Replace the s2client-api/examples/sc2_coordinator with the coordinator file sc2-Coordinator from the WinLoss prediction repo. This file will extract the enemy data.
Now replace the pre-existing s2client-api/examples/replay.cc file with the replay.cc file found in WinLoss prediction.
Make sure to change the paths for kReplayFolder to the location of your file.
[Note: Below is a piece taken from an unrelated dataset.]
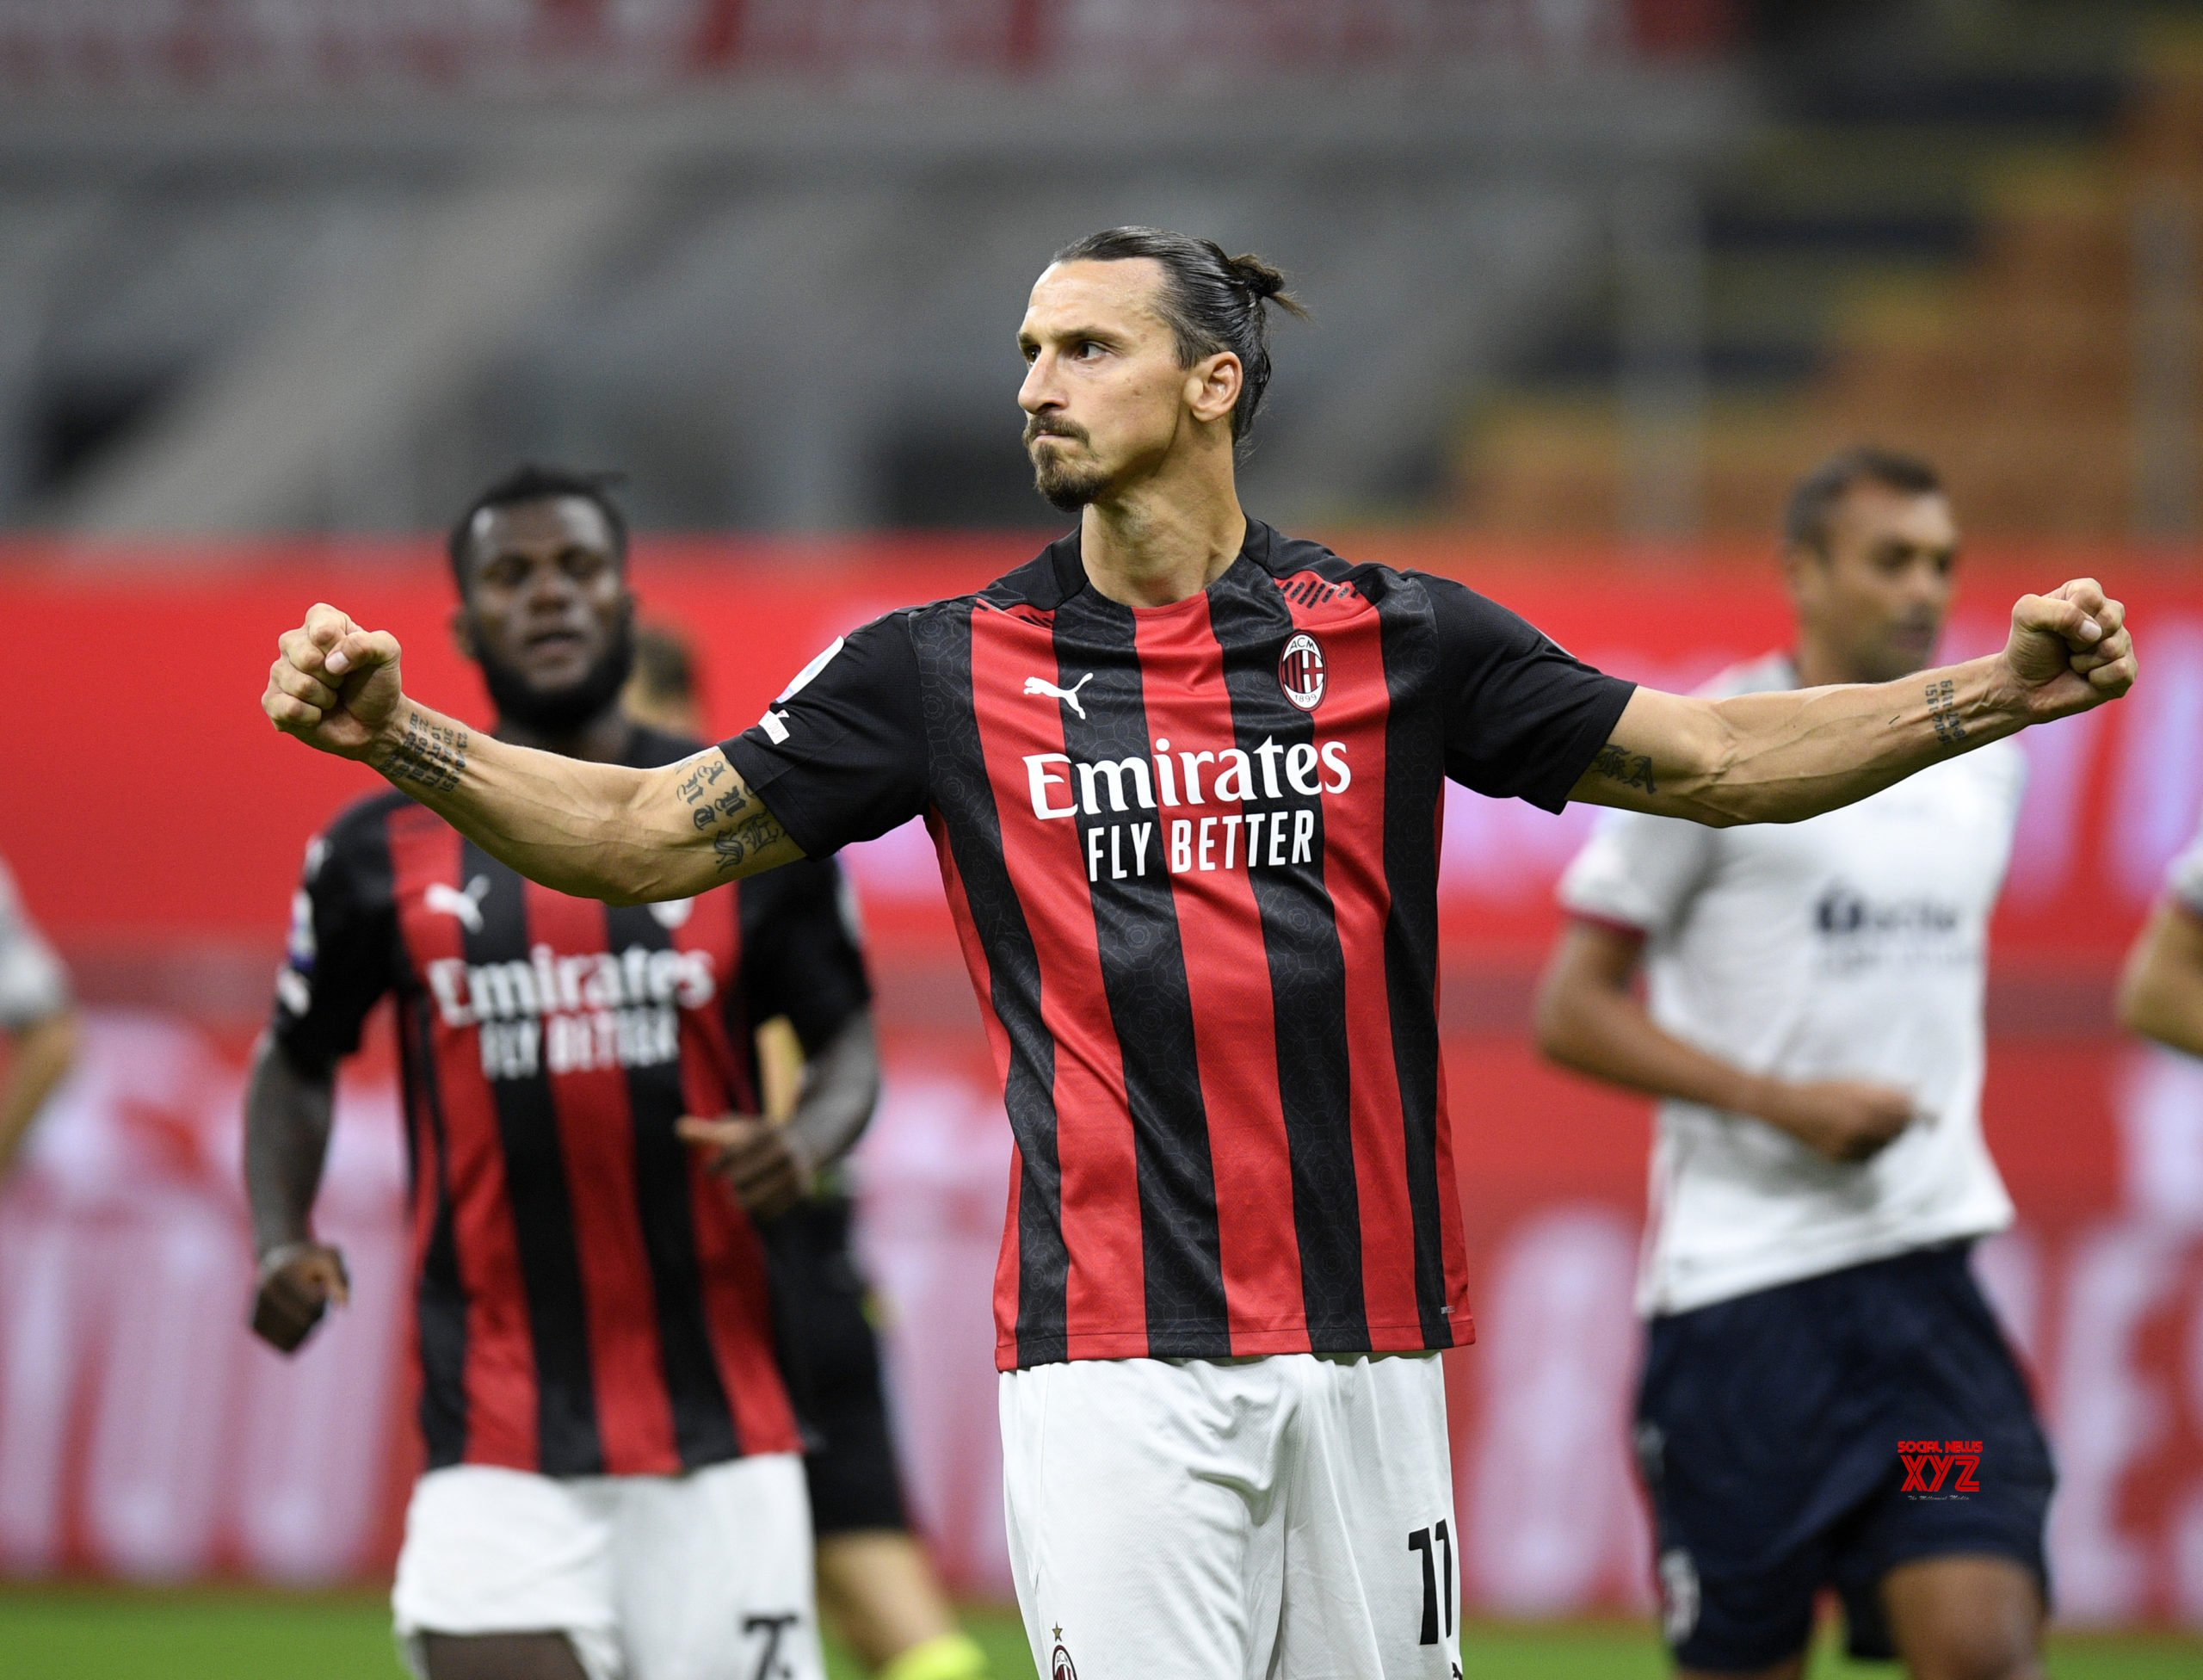 Zlatan Ibrahimovic scores twice as AC Milan win first match

This file extracts health information along with the number of units created at current moment in time.
Follow the same steps as stated above for normal data extraction into the JSON file.
Convert this JSON into a .txt file and run this file with win_loss_parser.py to compute and extract the necessary data.

PREDICT.PY SETUP

LOADING INPUT FILE

Launch Microsoft Excel and click on the parsed .txt file and select “import” to display the Text Import Wizard.
Select “Fixed Width” and click “Next”.
Click on the line in the data preview to create the necessary field break lines. Each break line should be created to separate one field from the other, then click “Next”.
Click “Finish”, “Ok”, then import the data
Save your file, select “CSV(Comma delimited)”.

RUN PREDICT.PY

To run Predict.py, you will need to have Python installed on your system along with the dependencies such as Numpy, Pandas etc. We used Enthought’s python IDE Canopy which supports all the dependencies here: link
Be sure to replace the following path in Predict.py to where your specific data file islocated
Now simply, if using Canopy, run your files by pressing the build green arrow at the top of the interface.